Task requirements:
Starting at the line below with "Film director Andrei Tarkovsky" and stopping at the line with "Camel Shorts Packham Vintage Shorts", please print each line exactly, those two included, and skip every picture.

Input data:
⁂
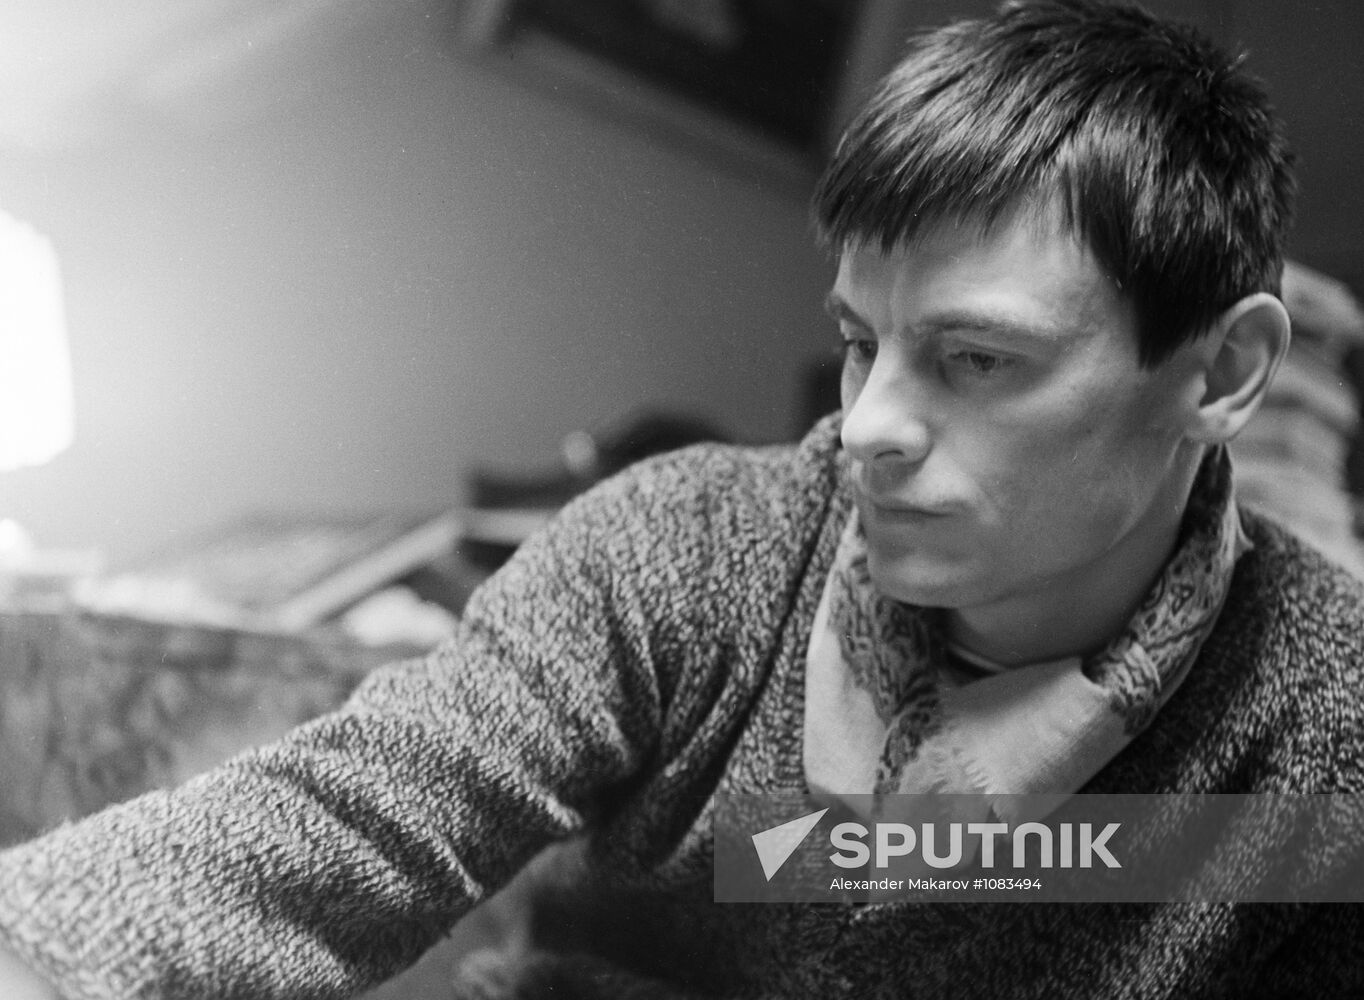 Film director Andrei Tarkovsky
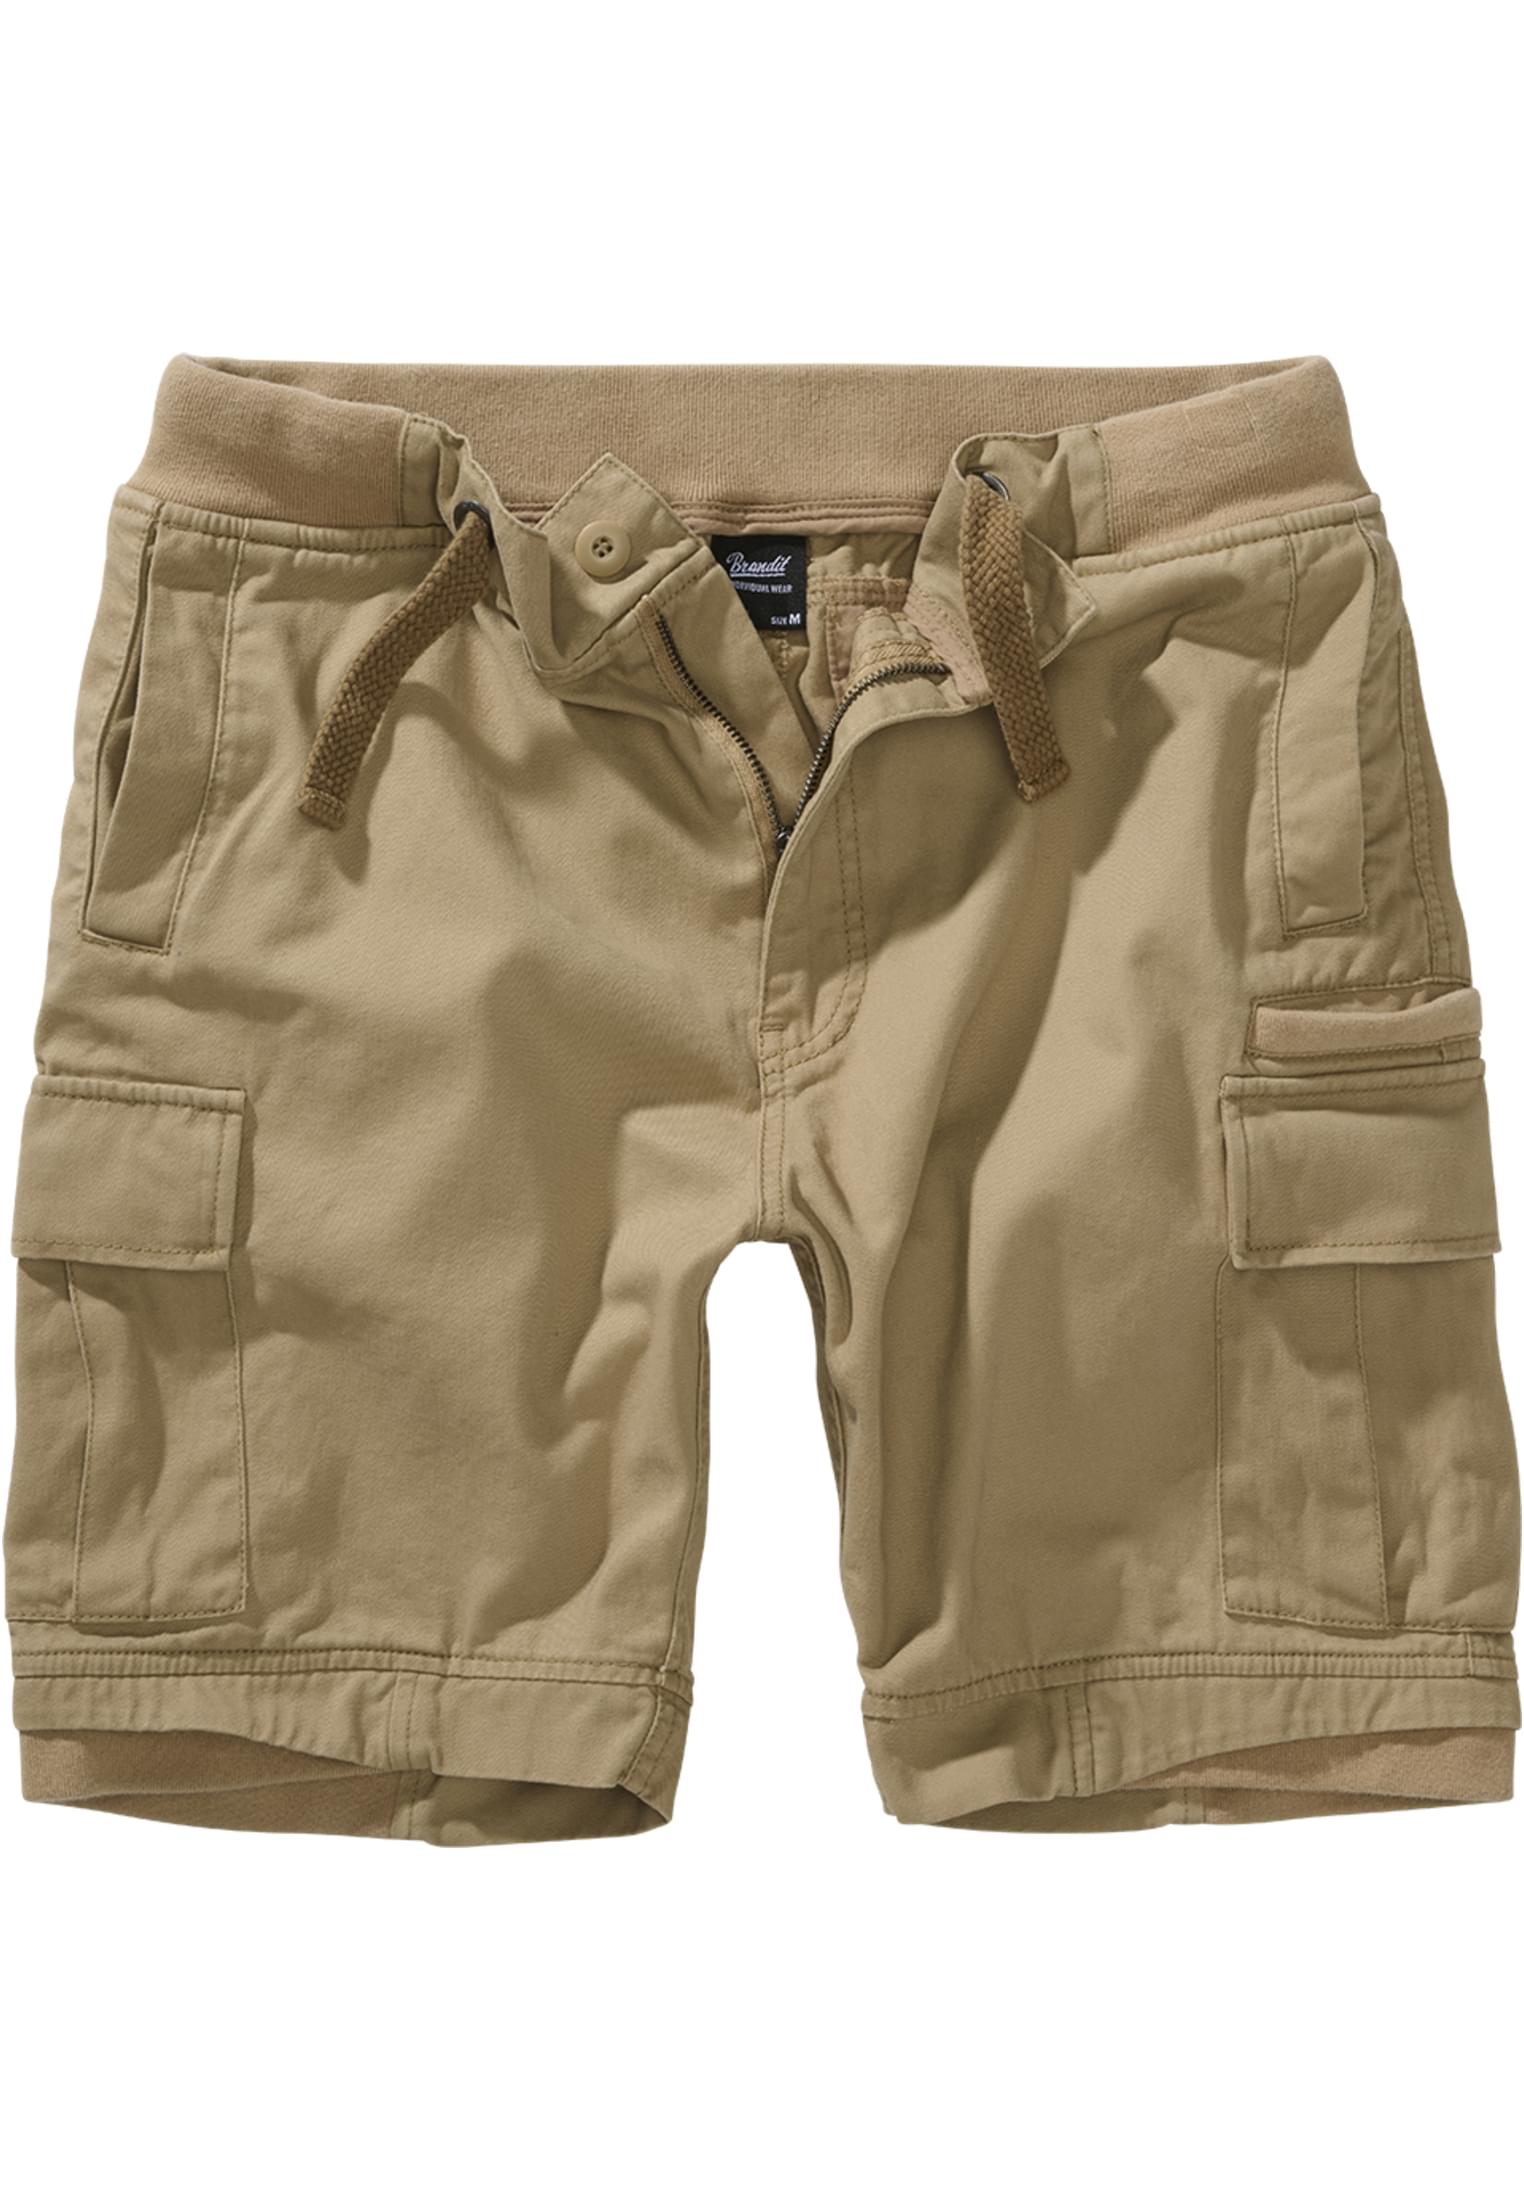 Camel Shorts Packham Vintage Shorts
⁂
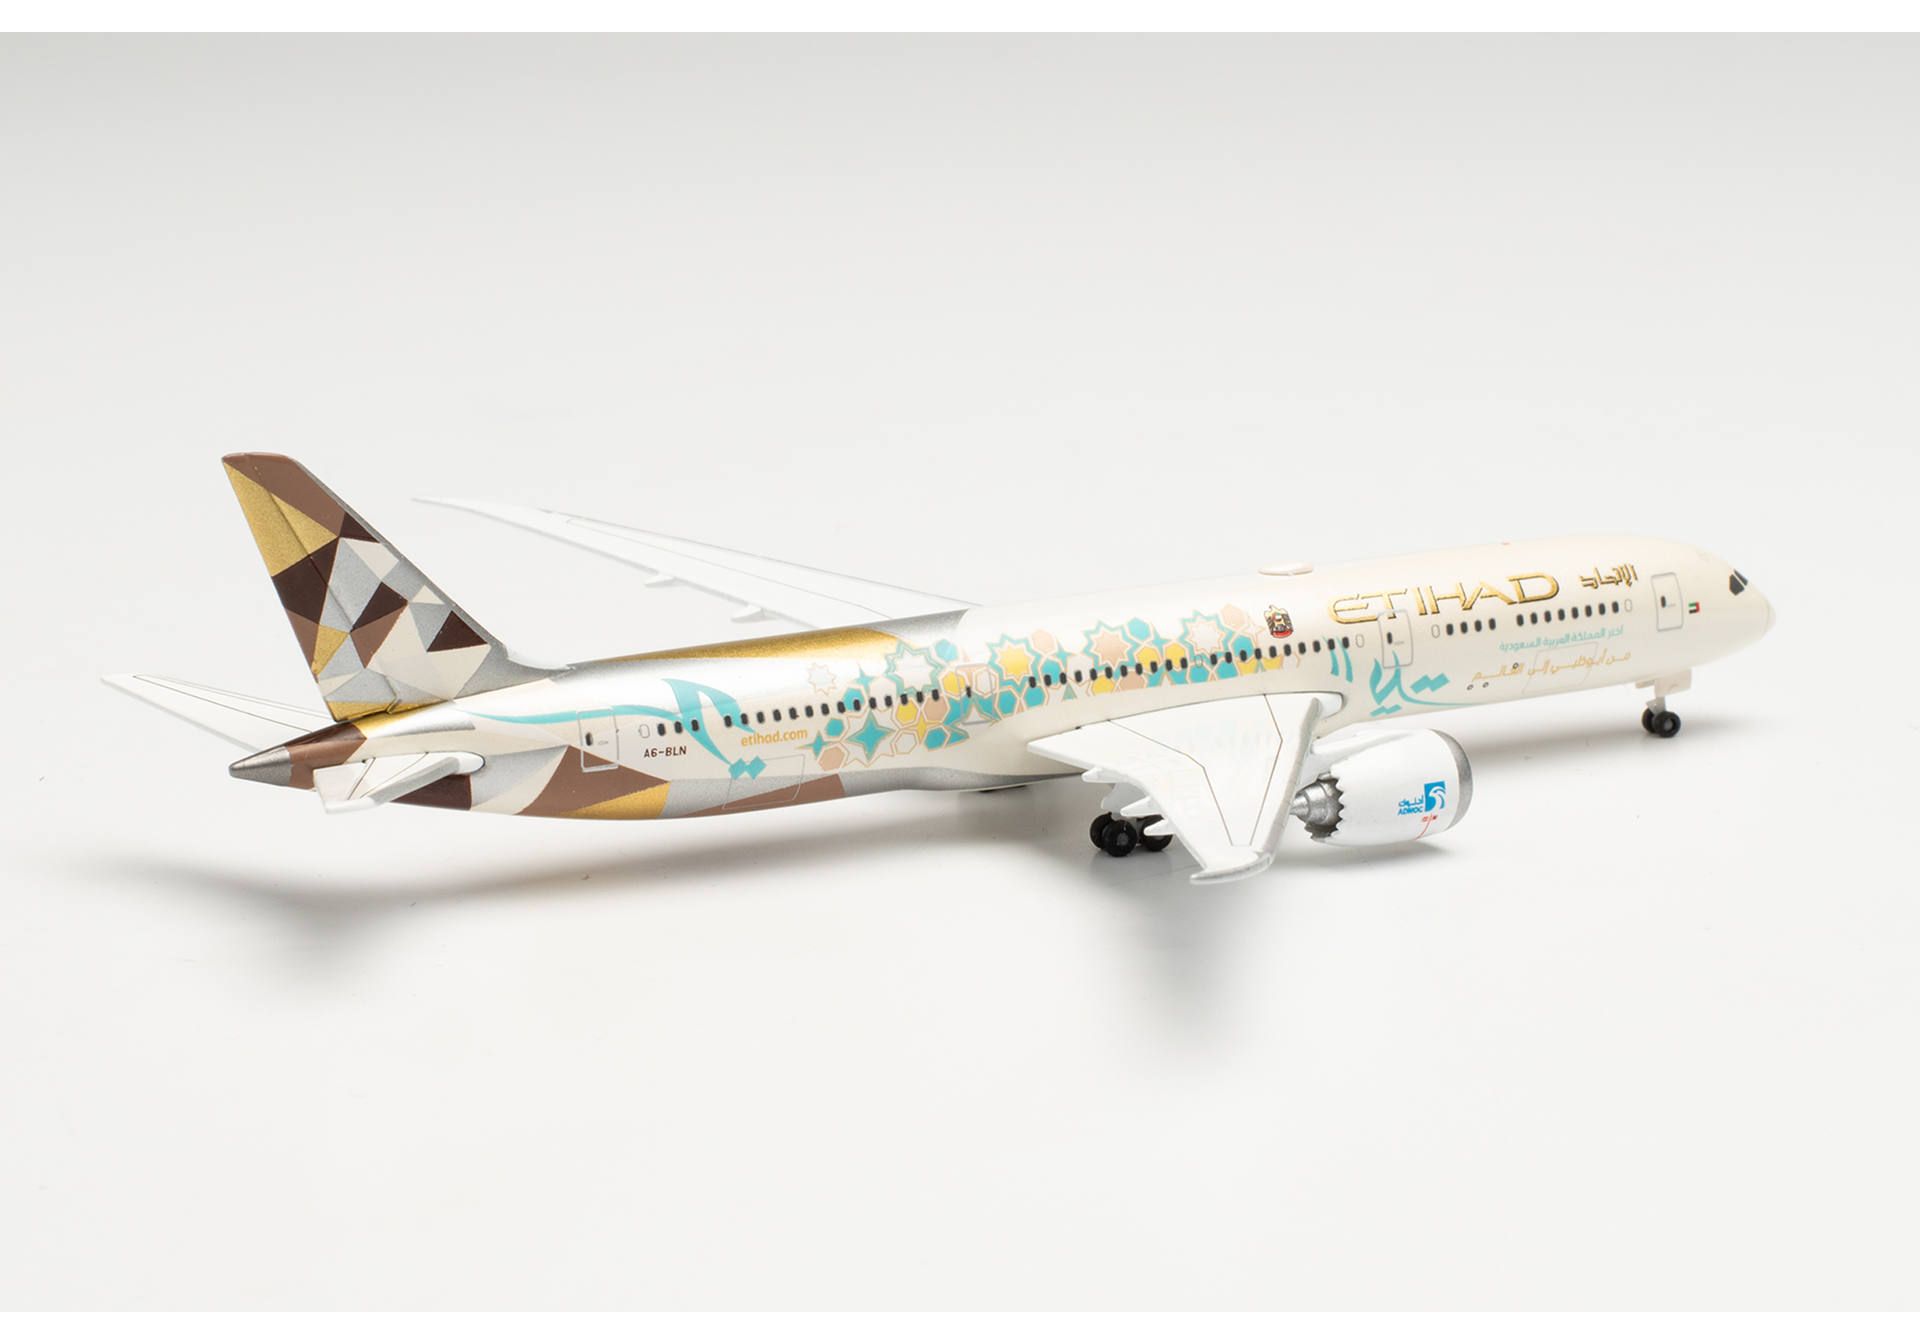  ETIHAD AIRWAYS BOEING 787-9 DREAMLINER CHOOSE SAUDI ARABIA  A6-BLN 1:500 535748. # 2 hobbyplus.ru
⁂
Response box:
 Film director Andrei Tarkovsky
 Camel Shorts Packham Vintage Shorts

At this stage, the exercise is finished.